Of course no one knows exactly where they will be from one day to the next, let alone months ahead. But sometimes there is a predictability to life. If you’re in the middle of a 4-year degree program, there’s a pretty decent chance you’ll be in the same city taking classes a few months from now. Or if you’ve just started a new job you really enjoy, you will likely see yourself at that company for at least the next few years. True, you could drop out of school, or you might find another job you like even better with a new company, but there’s a better than average chance you’ll continue along the similar path you’re already on.
For the next few months I know I will often find myself playing the “this time last year” game where I think about what I was doing during my around the world adventure that I am not doing now that I am back to an office job and “regular life”.
Not that regular life is bad. I don’t have to live out of a suitcase, I get to see my friends on a regular basis and I can visit my family much more easily than when I am many time zones away. While my job involves the dreaded cubicle, it really isn’t so bad, and as of a few days ago, I have health insurance again. Whee!
But in a few months this contract job will be up. There’s a chance I could stay on if they offer me a full time job, or I may say its been great, but it is time to hit the road again. Or perhaps there is a way I can do both?
I definitely feel pulled in two ways. The things I used to do to tide me over between trips (reading my monthly travel magazines, looking through Pintrist boards of far off destinations and magical hotels, taking langauge classes and keeping in touch with friends who are traveling when I can’t) no longer tide me over. Instead they make me want to do 2012 all over again (but even better).

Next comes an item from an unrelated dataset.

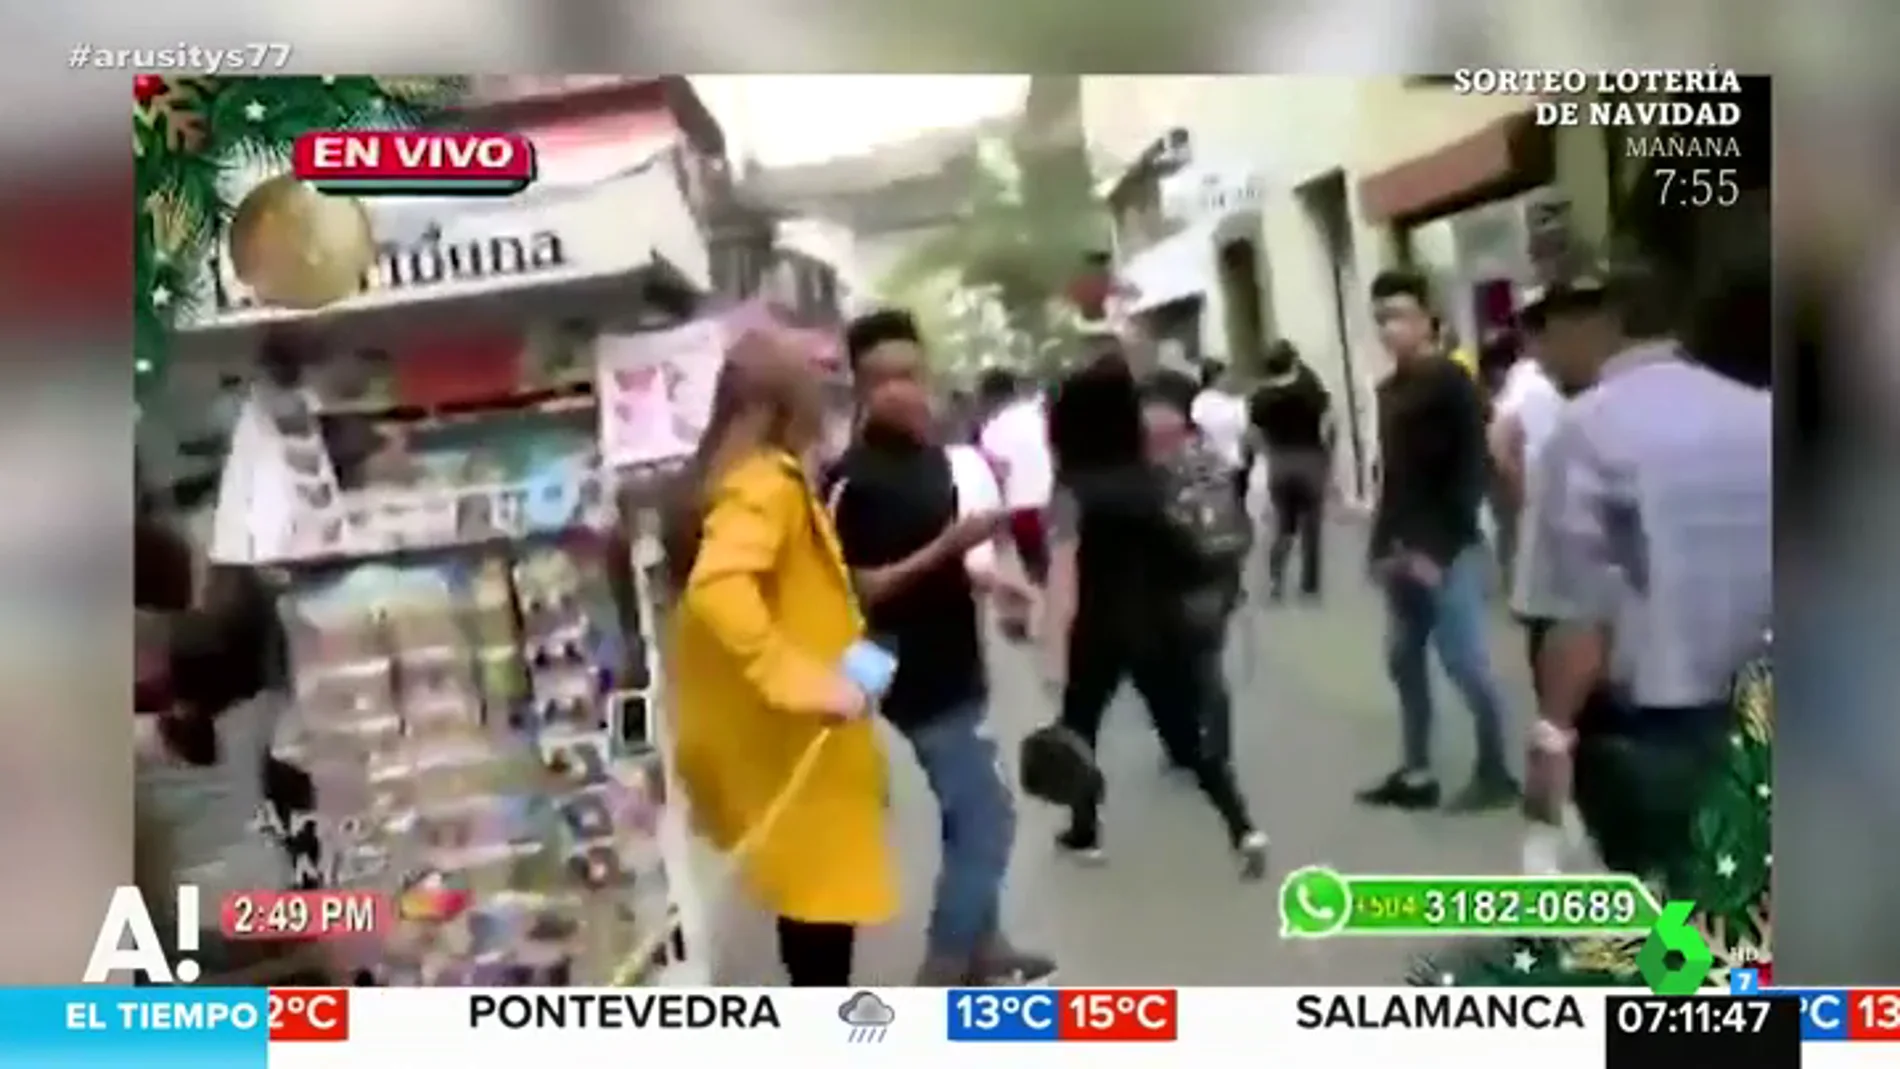 El momento en el que un hombre roba el móvil a una reportera en pleno directo

But then I realize my other past time is focusing on things that keep me right here at home. I recently discovered the Houzz app (free!) for my iPhone which has over 1.4 million photos of interior and exterior home designs. Or I’m looking for a new living room couch (thanks to Chole the cat and her bladder full of revenge), or planning what I want to grow on my roof top this summer, or getting involved with projects at my local capoeira academy. These are all clearly thoughts of a woman who wants to stay put.
|Things I will not be doing if I hit the road|
Or are they? Perhaps I’m locationally bi-polar. One foot in the living room and one foot on a plane. Between now and August, when my contract position ends, when my awesome roommate heads off to graduate school on the East Coast, I have some critical decisions to make. Where I want to be…How I’ll make money…What I want to accomplish with my life.
All BIG questions, but none I’ll decide on tonight. Tonight, … I think I’ll just have another glass of wine.